STOPPRESS...............................
NEW WHITE
RESIDENTS SAY "NO" TO BLACK CULTURE IN HARLEM-
RALLY TODAY
Rally today, Saturday at 4PM at
MARCUS GARVEY PARK @ 5th Avenue at 124th street side. Our
new White "neighbors" have decided that we
should not be allowed to practice our culture. They also
want to change the name of the park from Marcus Gavey
Park back to Mt. Morris Park. If you agree with
them, stay home.
Kwame
Whenever in Harlem, we go to the park
where we can hear the drums. It's part of our culture. I
am trying not to be angry but this further attempt to
disrespect our traditions makes my blood rise. Please
pass the word.
for
immediate release
Marcus Garvey Park Drummers,
July 2 2007
Sat June 30 two white police officers approached drummers
at 5th Ave Marcus Garvey park, at about 7:30pm, stating
that they received complaints about the drumming being to
loud.
Two spokes persons, a man and woman, from the drummers
organization told the officers, 'We have been drumming
every week until nine p.m. for the last thirty years ',
They asked the officers why were they coming now when it
was only 7:30pm. The officers responded that the
residents at 2005 5th Ave (across the street) had
complained that the drumming was too loud. The drummers
said We will continue until 9 pm.
The policemen then called for reinforcement, when a car
with a bar officer came , the drummers spokesperson
continued along the lines of their right to drum,
it's our culture from Africa and the
Caribbean One women drummer said about the
white residents. 'They have forced Black people out of
Harlem to move here, they knew that we drum here every
week, if they don't want to hear the drumming they should
move
Still another police car came, this time with lights, and
about nine policemen. With the drummers, women, children
and men around eighty people, the drummers resisted their
position and continued to drum, while an assigned
spokesperson talked to police offers.
Across the street at Fifth Ave condo (124) the four white
residents watched while the struggle continued. The
drummers, dancers and crowd took out their cellphones and
video cameras recording. After 25 minutes the police
backed down and the drummers drummed louder as a protest
and message to the white residents that they will fight
for their African culture.
letter from Kwame: As
to that. I got the notice that morning also, and
forwarded it right away. The crowd was good, but
the drummers seem to be willing to settle for
another space in the park that is 1) Secluded and
possibly dangerous to those coming to see them 2)
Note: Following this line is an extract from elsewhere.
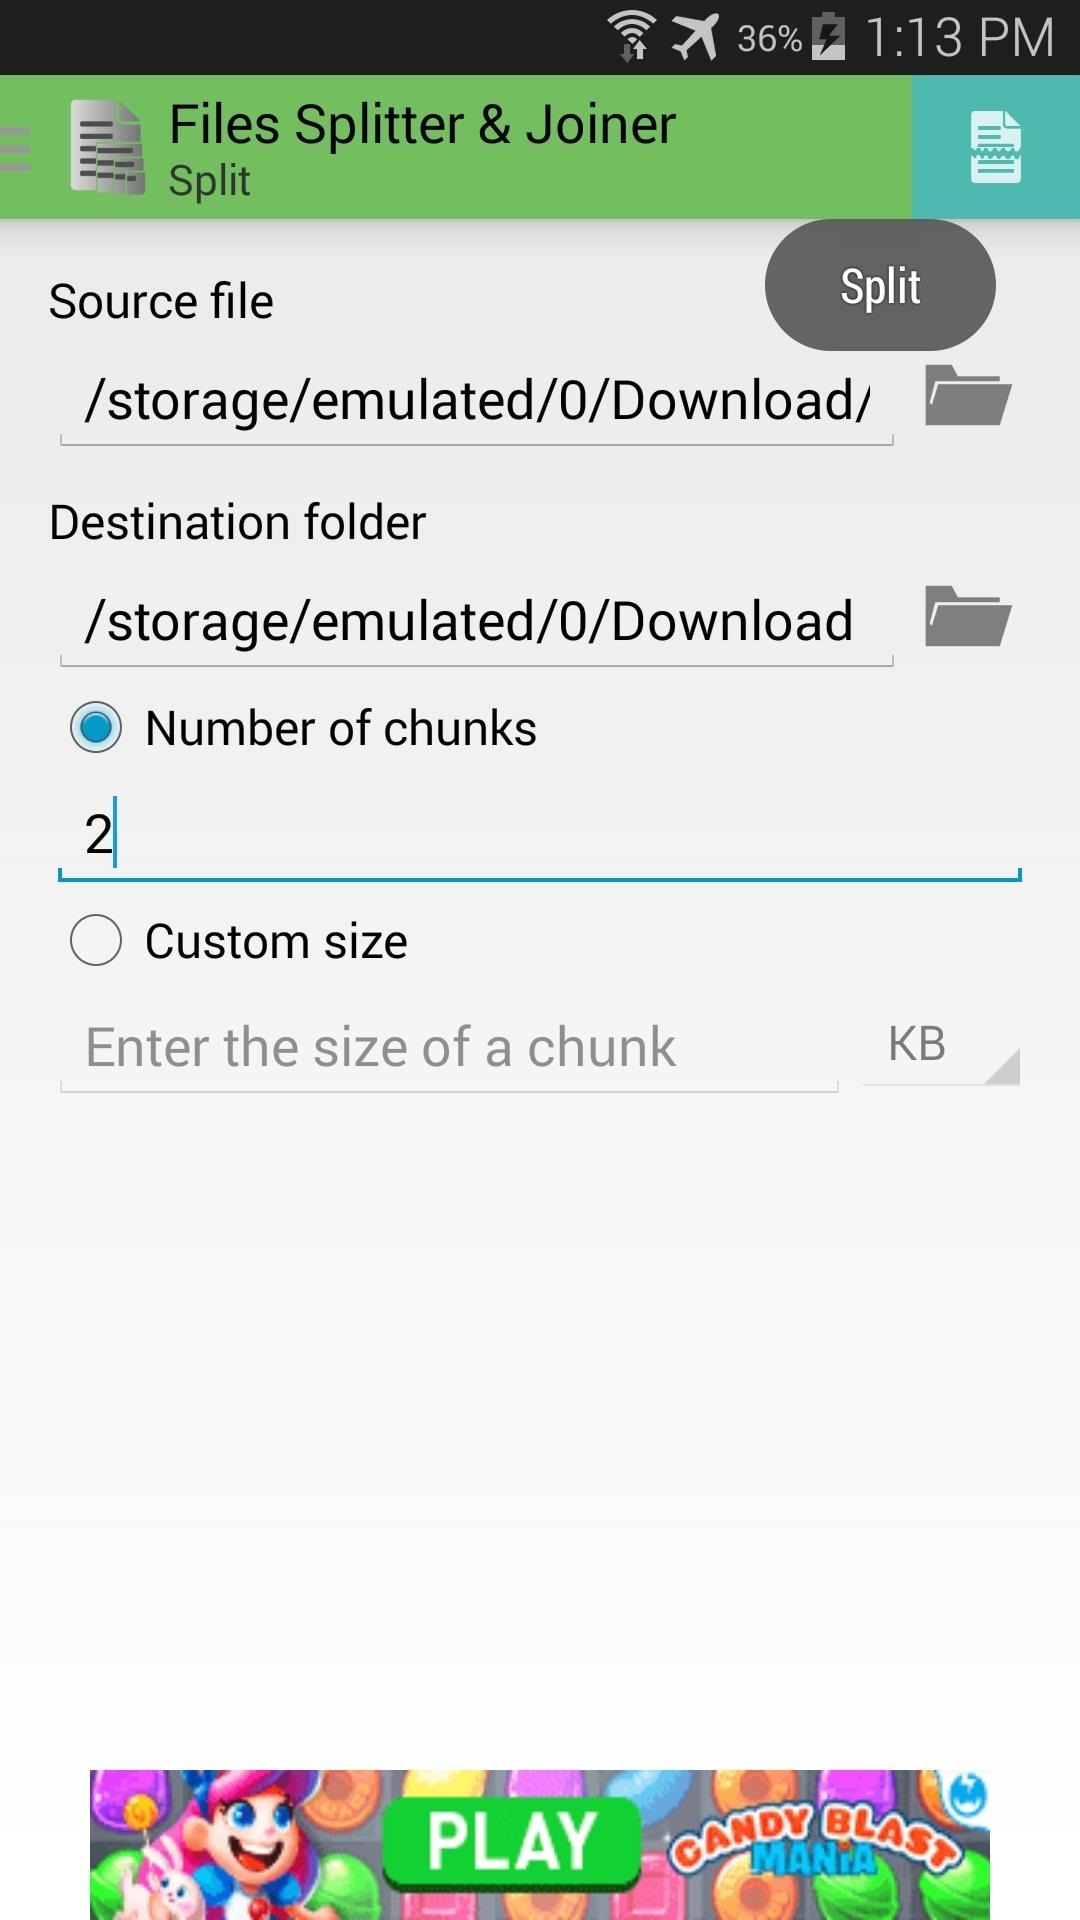 How to Split Large Files for Easy Sharing on Your Nexus 5 or Other Android Device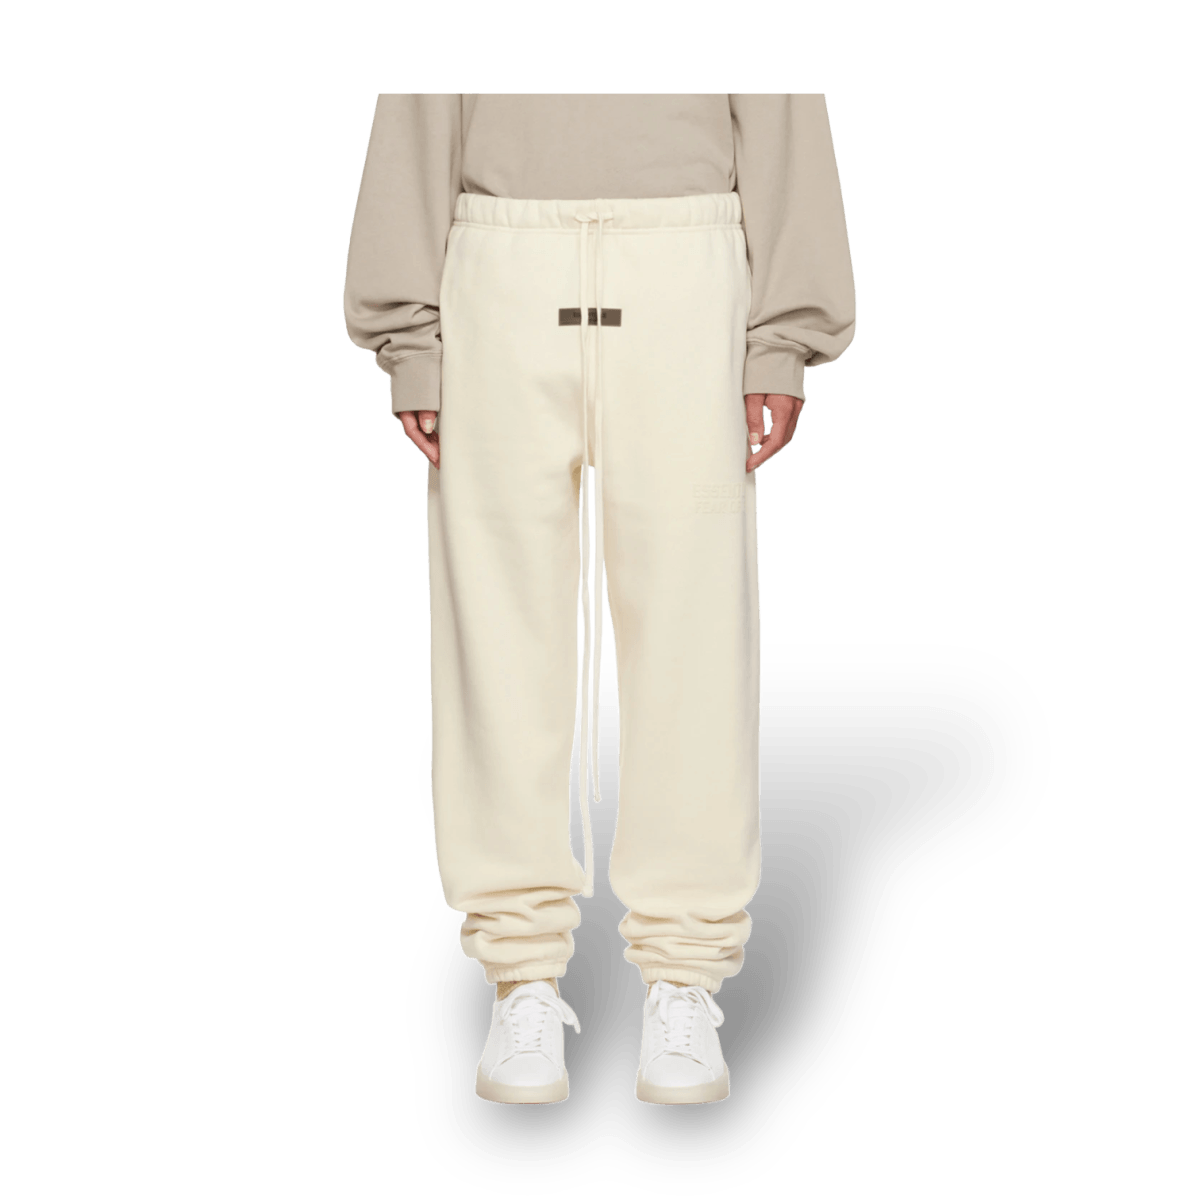 Essentials Fear of God Tapered Cream Sweat Pants - Bottoms - Jawns on Fire Sneakers & Streetwear

very high up on the steps behind the
amphitheatre, a climb that could give many above
40, a heart attact, 3) although
"guaranteed", they will have to move if
there is an event in the amphitheatre and have to
go even further up to the Bell Tower.
State Senator Bill Perkins brokered a deal with
the Parks Dept, in which they would spend money
on the area by putting benches there, and a
plaque noting "Drummers Circle" (that
might not be the actual title) which they seem to
be in favor of accepting. They say that "all
they want to do is drum", overlooking the
other issues of "self determination"
that are involved and are of issue throughout
Harlem and the city. They are not particularly
politically concious. I advised them to push for
more, even if they finally accept that space.
These "new neighbors" are trying to
change the name of Marcus Garvey Park back to Mt.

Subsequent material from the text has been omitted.